Simulation-Based Connected and Automated Vehicle Models on Highway Sections: A Literature Review

This study provides a literature review of the simulation-based connected and automated intelligent-vehicle studies. Media and car-manufacturing companies predict that connected and automated vehicles (CAVs) would be available in the near future. However, society and transportation systems might not be completely ready for their implementation in various aspects, e.g., public acceptance, technology, infrastructure, and/or policy. Since the empirical field data for CAVs are not available at present, many researchers develop micro or macro simulation models to evaluate the CAV impacts. This study classifies the most commonly used intelligent-vehicle types into four categories (i.e., adaptive cruise control, ACC; cooperative adaptive cruise control, CACC; automated vehicle, AV; CAV) and summarizes the intelligent-vehicle car-following models (i.e., Intelligent Driver Model, IDM; MICroscopic Model for Simulation of Intelligent Cruise Control, MIXIC).

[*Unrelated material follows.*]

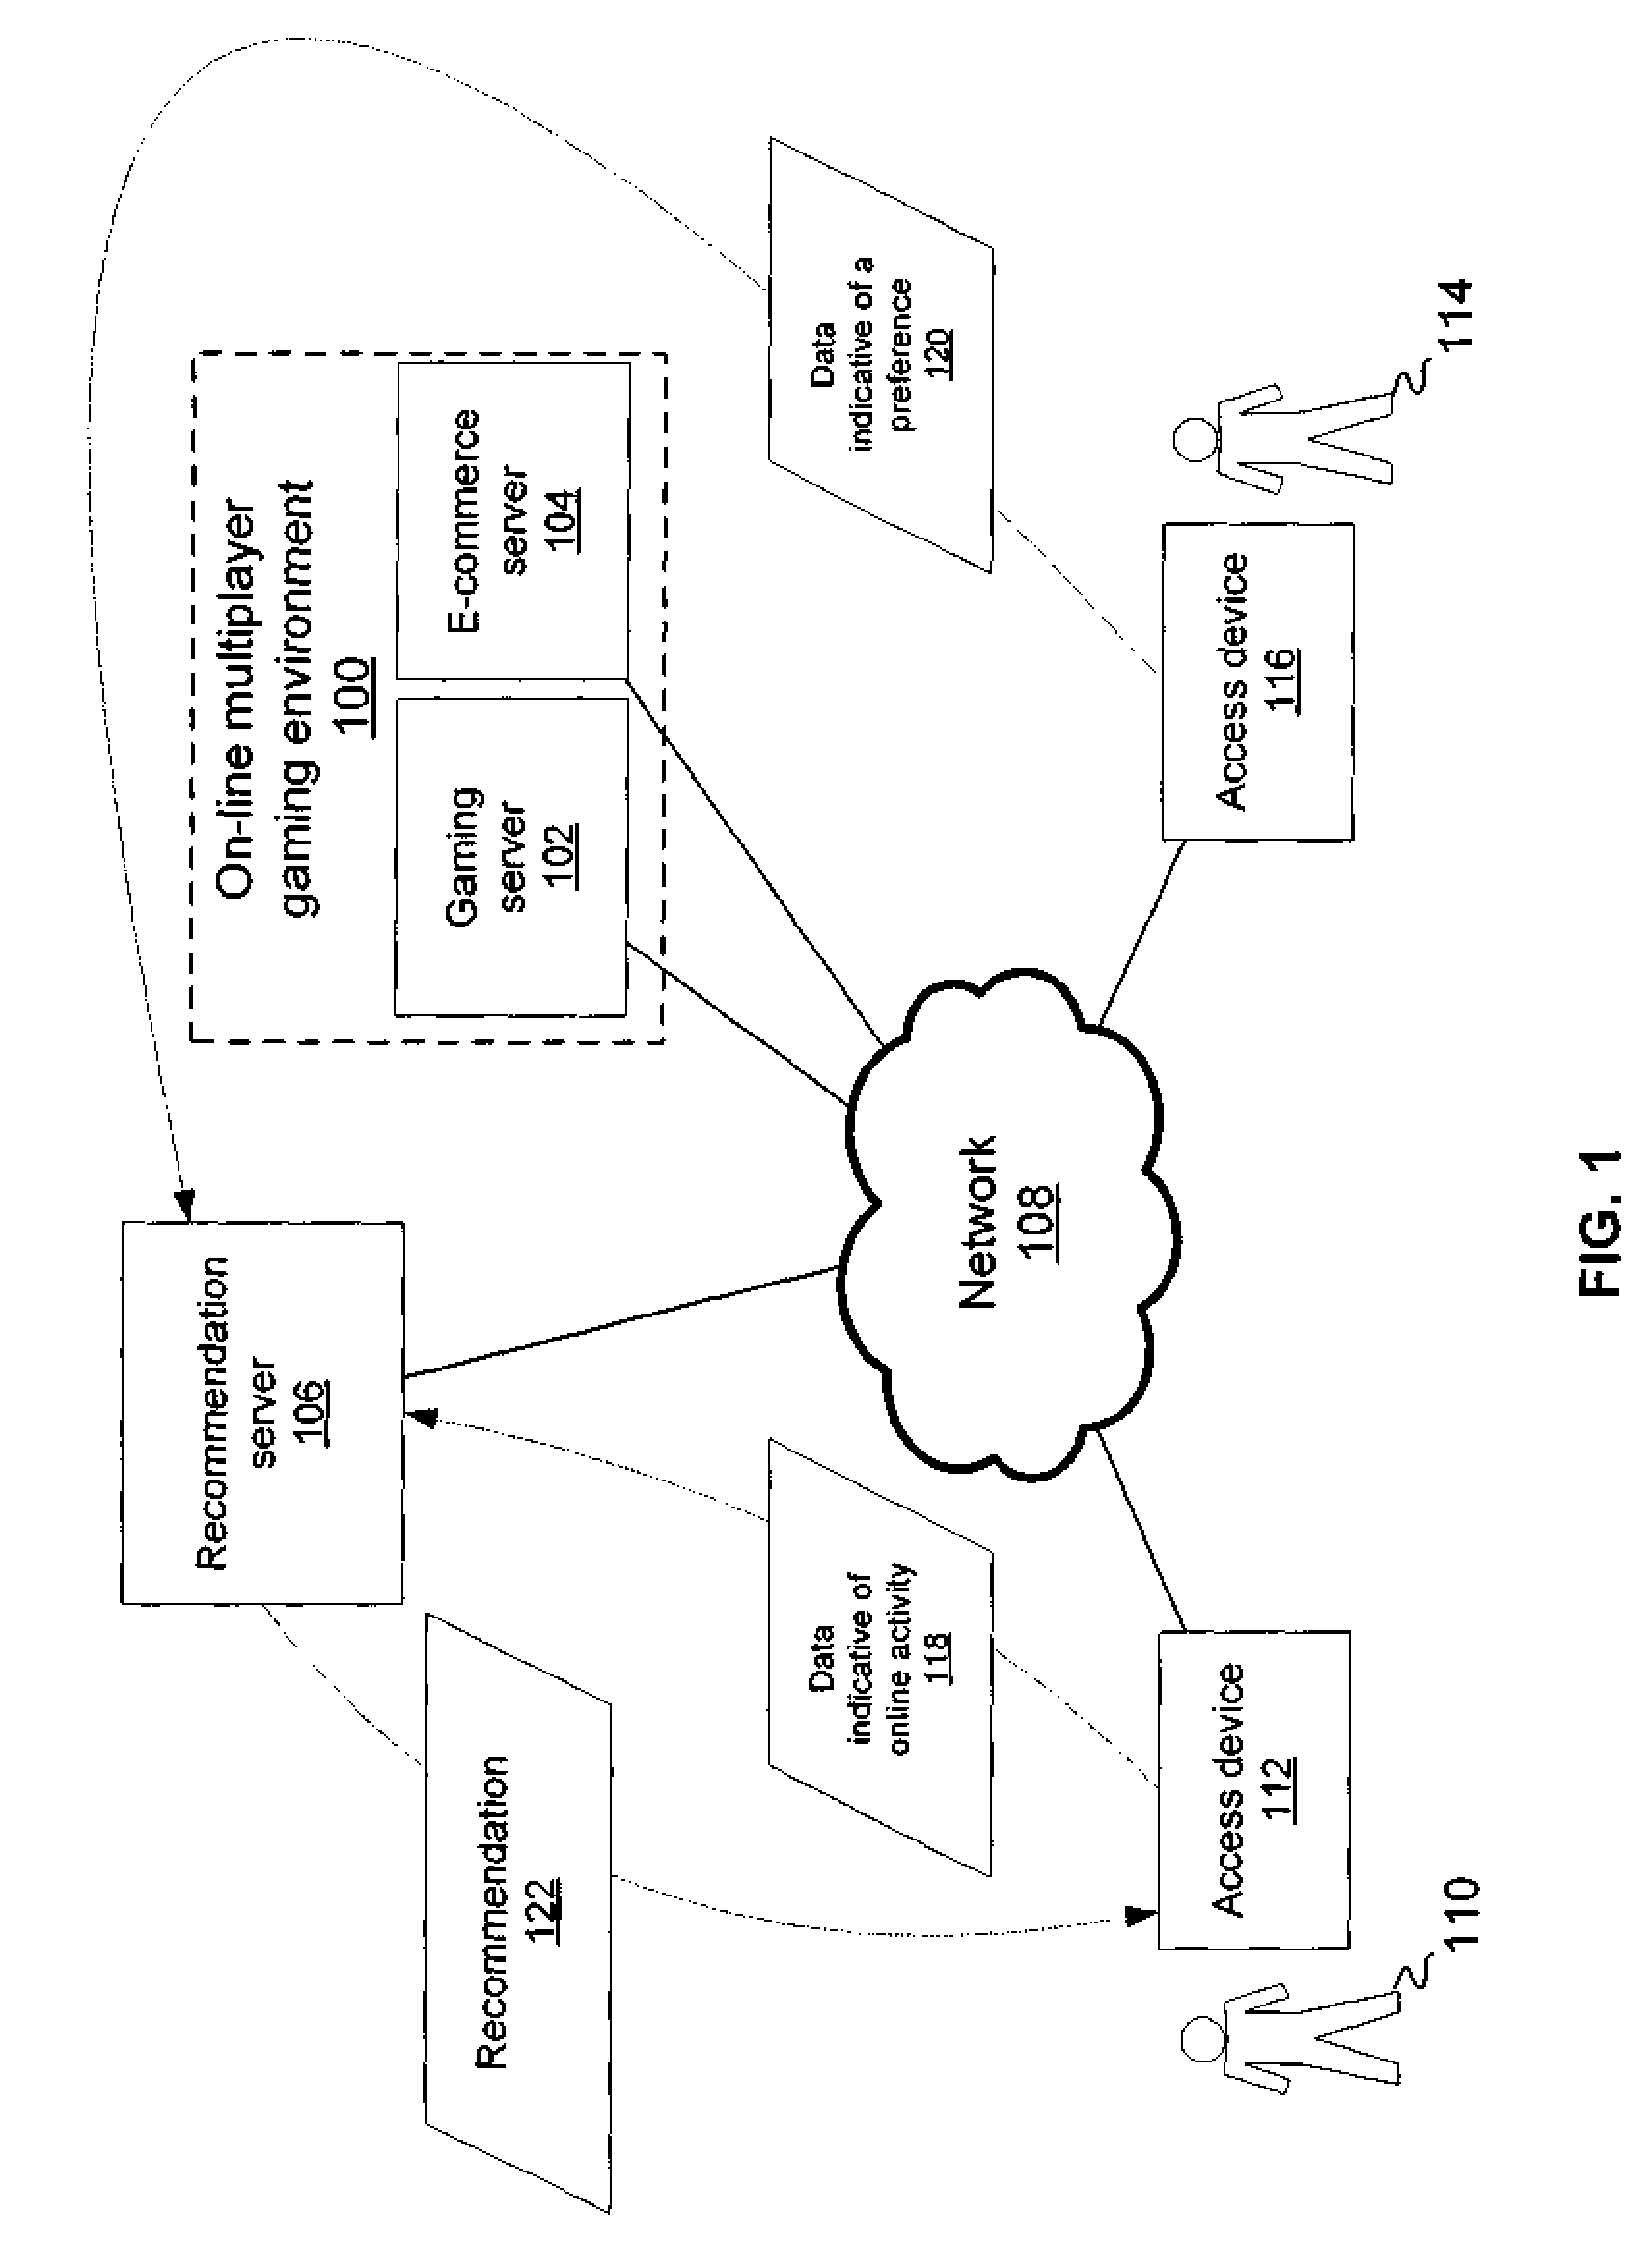 System and method for targeted recommendations using social gaming networks

The review results offer new insights for future intelligent-vehicle analyses: (i) the increase in the market-penetration rate of intelligent vehicles has a significant impact on traffic flow conditions; (ii) without vehicle connections, such as the ACC vehicles, the roadway-capacity increase would be marginal; (iii) none of the parameters in the AV or CAV models is calibrated by the actual field data; (iv) both longitudinal and lateral movements of intelligent vehicles can reduce energy consumption and environmental costs compared to human-driven vehicles; (v) research gap exists in studying the car-following models for newly developed intelligent vehicles; and (vi) the estimated impacts are not converted into a unified metric (i.e., welfare economic impact on users or society) which is essential to evaluate intelligent vehicles from an overall societal perspective.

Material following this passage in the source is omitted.